Kansas man happy he still has a filing cabinet

Friday, June 15, 2018

You’ve probably seen the meme floating around your social media feed:

“Five things nobody keeps in their house anymore”

The list: DVDs, CDs, file cabinets, wall calendars and take-out menus.

Probably true for a lot of us, in the days of smartphones, iPads and streaming media.

But you might want to re-think at least one of those items.

Fred Haines of Kansas is glad he still has a filing cabinet. Make that $110,000 worth of glad.

Thanks to his obsessive record-keeping, he has done something seemingly impossible: got his money back from a Nigerian prince scam.

Not actually from the nonexistent prince, but from Western Union, which reached a settlement after finding some of its employees assisted with the scam.

Back in the online innocence days of 2005, Haines was contacted via his Yahoo! account with the promise that he was going to inherit $64 million.
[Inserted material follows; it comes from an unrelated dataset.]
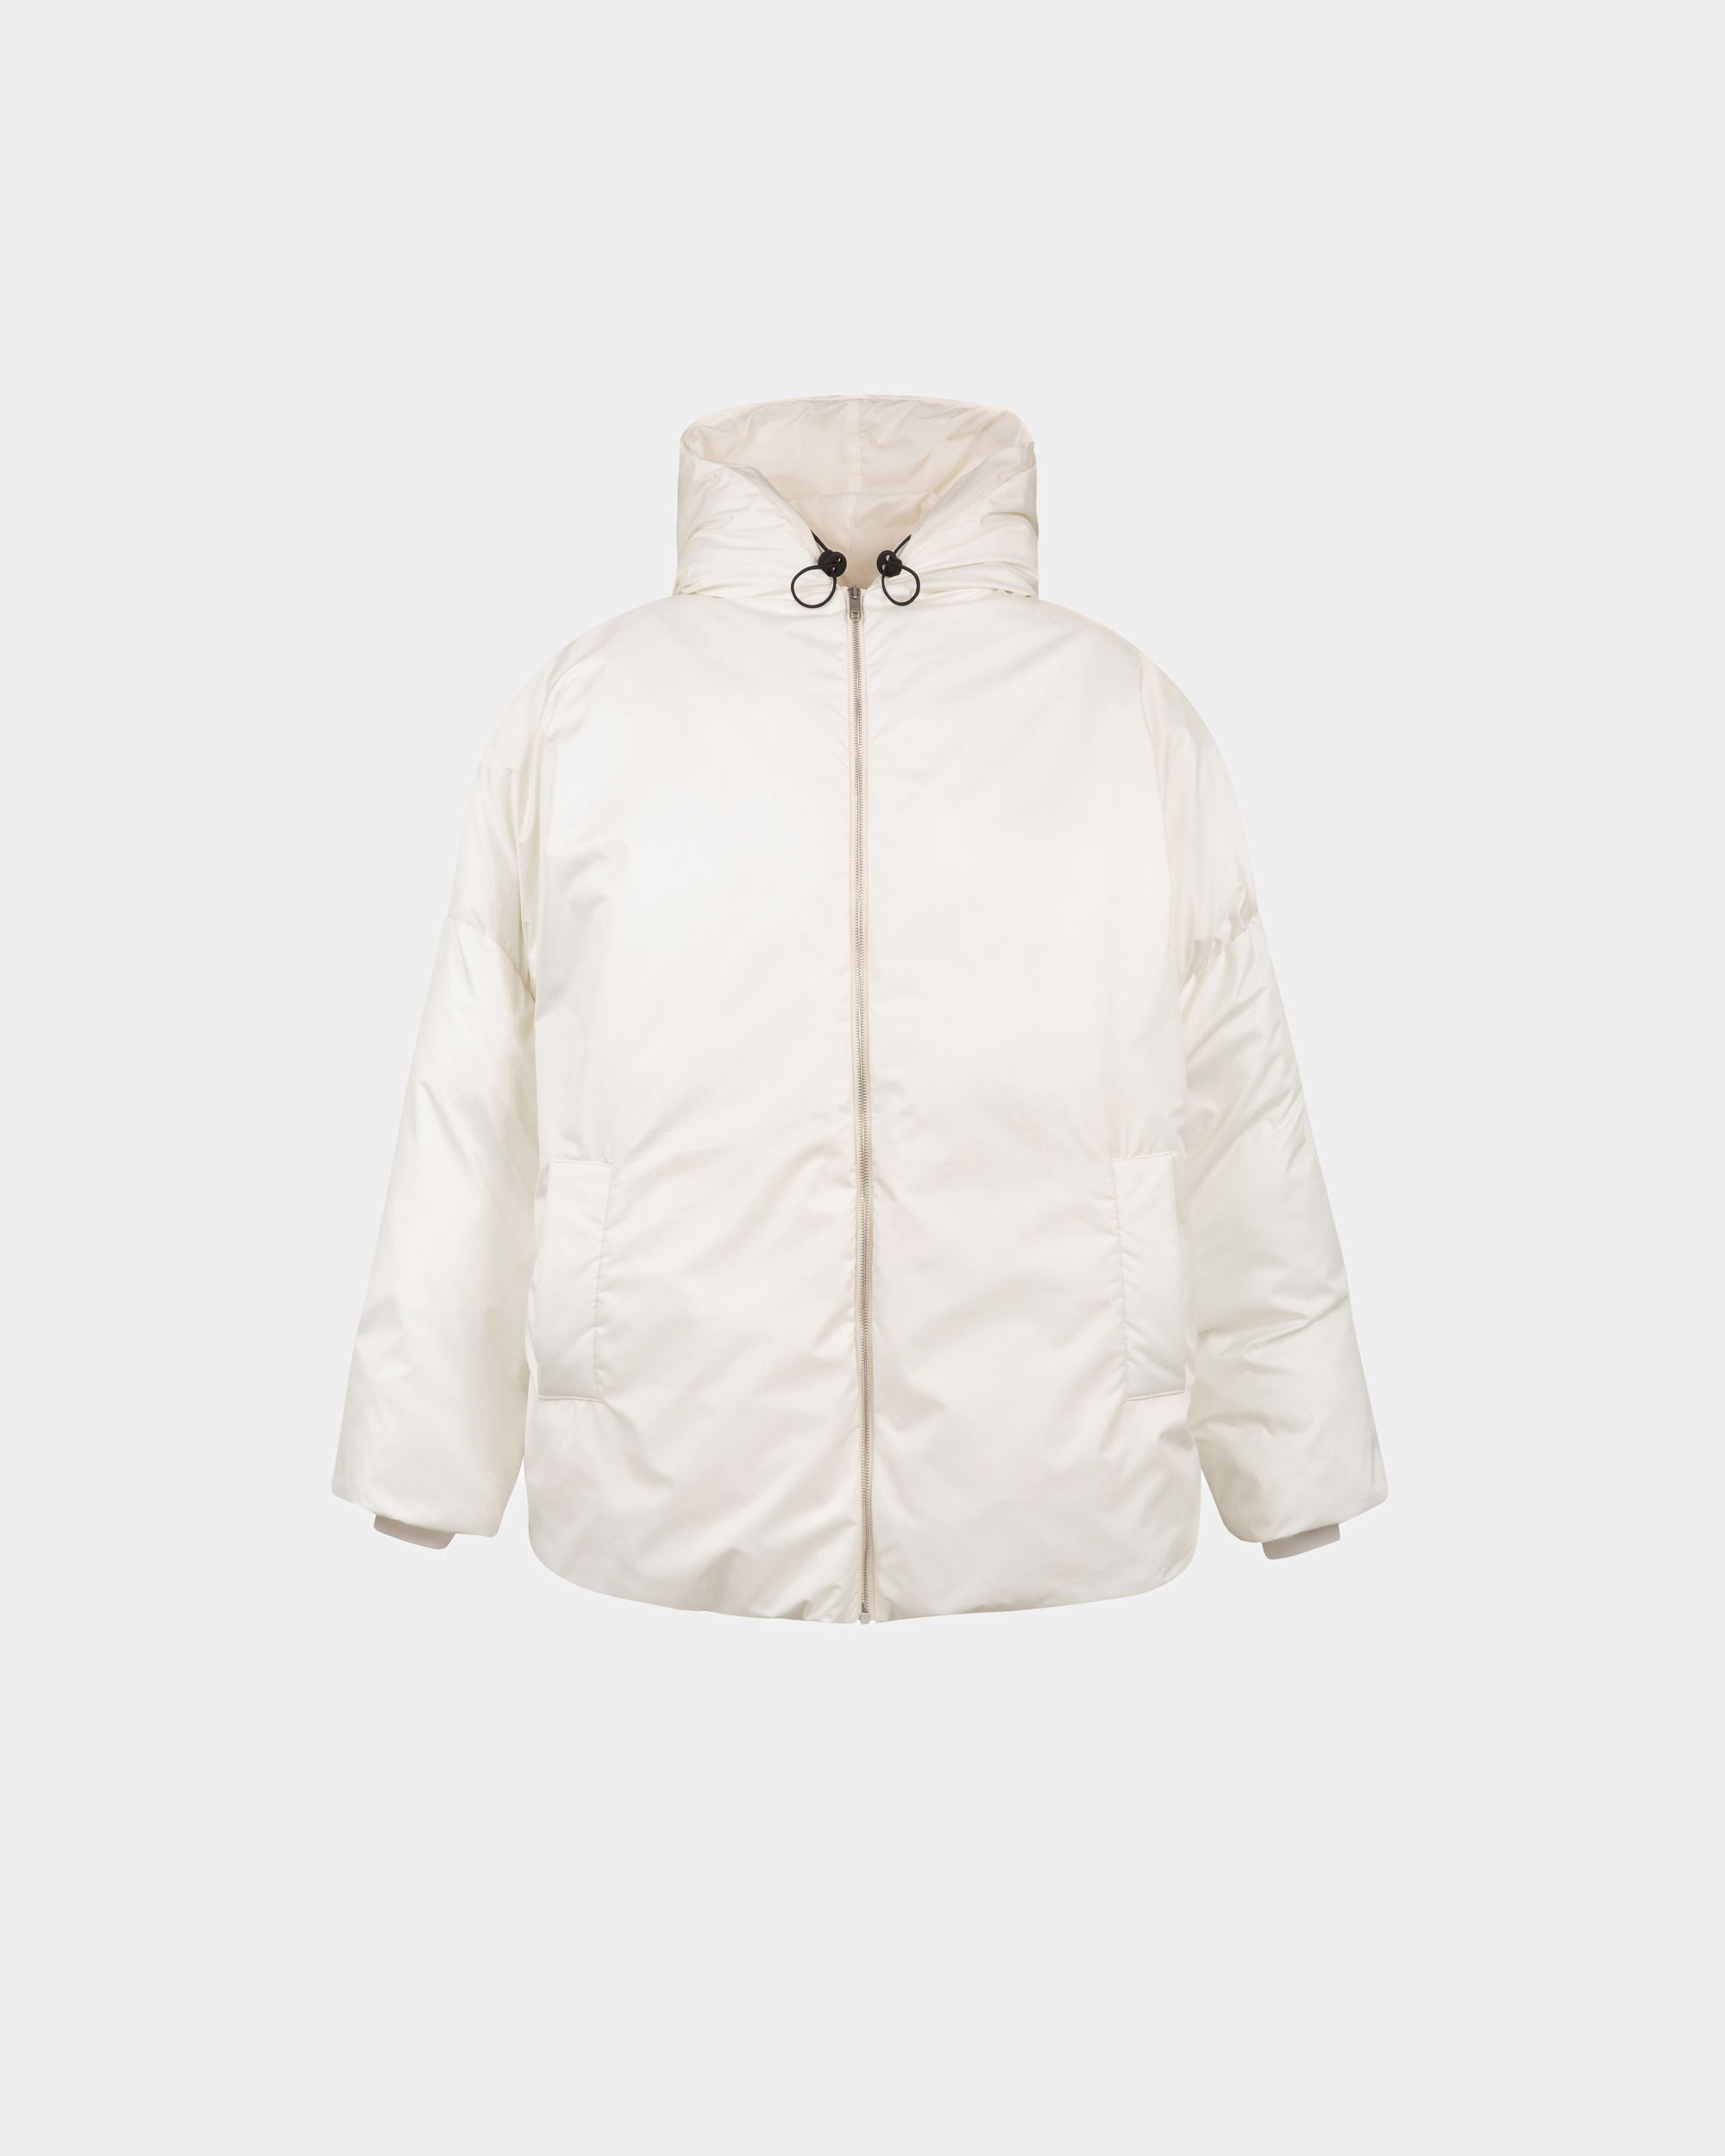 Women's Puffer Jacket in White Nylon | Bally | Still Life Front

He figured it was a joke or a scam – correct — but went along with it out of curiosity.

“Those Nigerians know how to talk,” he said.

Over the next three years, before he knew it, Haines had remortgaged his home three times, in return for a reassuring fake email from then-FBI Director Robert Mueller and an authentic photo of the Nigerian president, available to anyone with an internet connection.

When no Nigerian man with suitcases full of cash showed up at the Wichita airport, Haines finally realized he had been duped.

Fortunately for Haines, he kept every receipt and piece of correspondence involved in the scam.

Unfortunately, the Nigerian scammers still have Haines’s money, but he and thousands of others could file claims to receive their part of a $586 million fund Western Union set aside in a settlement with the Federal Trade Commission.

But that’s not the end of it.

The FTC is warning that people are receiving scam emails telling them how to apply for refunds from the settlement. Sorry, but the deadline to apply was May 31, 2018.

It’s been said thousands of times and ignored thousands more, but the old saying is true: If it sounds too good to be true, it probably is.